Walt Disney by Neal Gabler. Middle line, 600 page (the other 200 pages are appendix and index) bio of Disney: doesn't gloss his bad points like Bob Thomas, doesn't go overboard like Marc Eliot. Gabler's subtext is Disney's need for control.
Christmas Remembered by Tomie dePaola, the children's book illustrator. Warm stories about memorable Christmases in his life; nothing remarkable, but a couple very humorous, especially the story of "Nana-Fall River."
Library books finished over the holiday: The Story of Santa Klaus [sic], William Walsh's 1909 effort to explain how tall austere St.
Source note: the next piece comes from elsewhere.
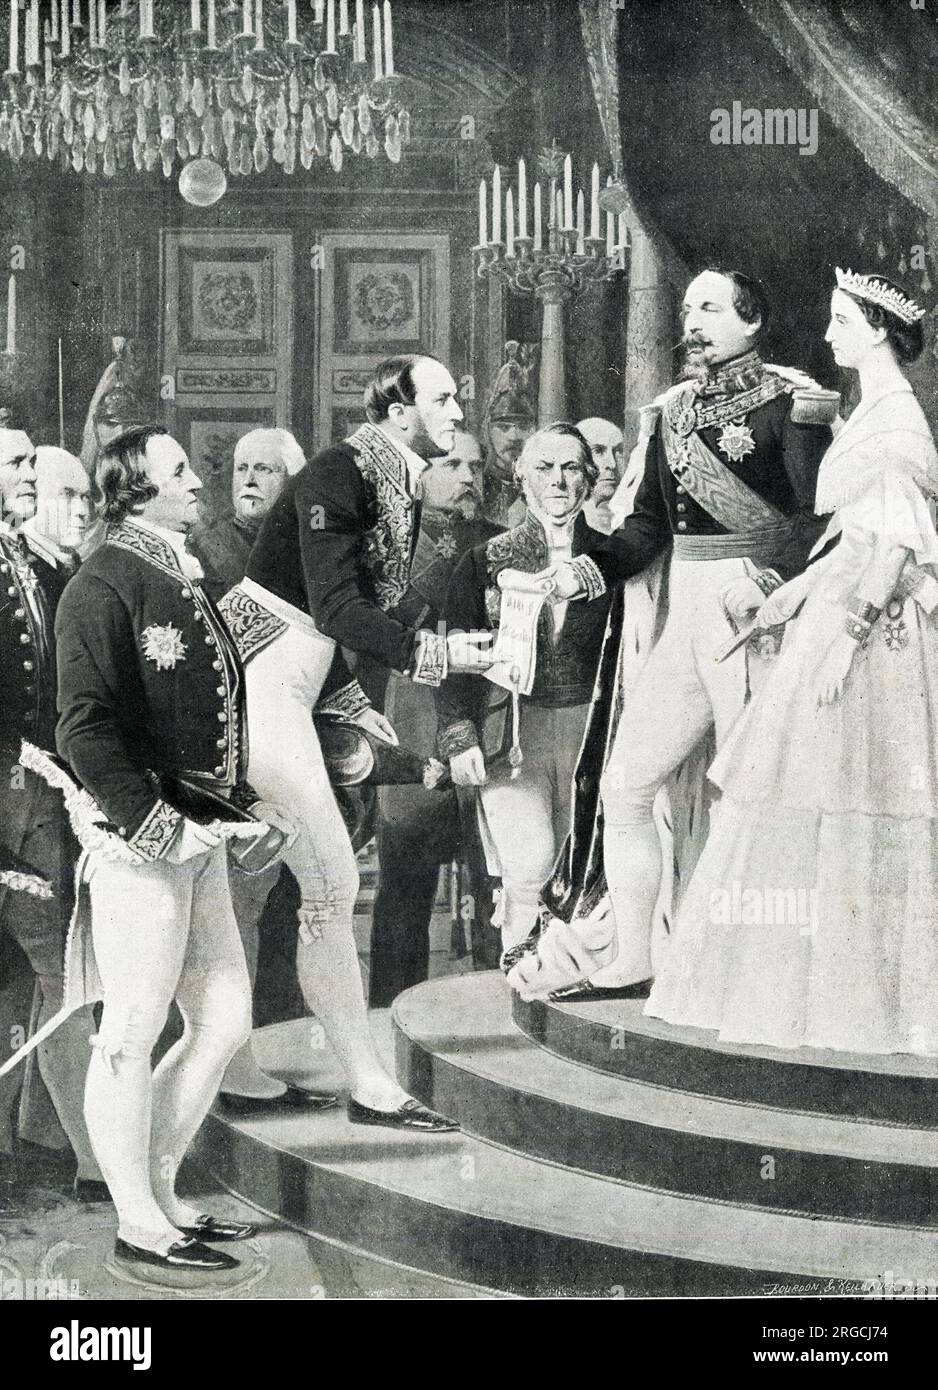 Napoleon III handing over the decree of annexation of the suburbs of Paris to Baron Haussmann, for urban development (16 February 1859). Others present are J-B Dumas, chemist and president of the municipal council, General Fleury and General Rolin. This version of the painting includes the Empress Eugenie, and was intended to be more impressive than the earlier version.   (2 of 2) Stock Photo

Nicholas and other Christmas gift-givers became the American Santa Claus; The Book of Christmas Folklore, Tristam P. Coffin, a wry retelling of Christmas customs; Celebrating Christmas Around the World, short to long tales of Christmas in different countries edited by Herbert Wernecke (not sure what this book is supposed to beit was published by a religious press and about half the stories are about missionaries celebrating in different lands, but there are some different pieces as well, including a humorous Reader's Digest-like offering about Danish husbands at Christmas, and the chapter from Hans Brinker; or the Silver Skates about St. Nicholas); and Christmas the World Over by Daniel J. Foley, again, chapters about Christmas celebrations in different locations, including Japan and China.
Presently in the middle of Thunderstruck by Eric Larson (Devil in the White City, Isaac's Storm).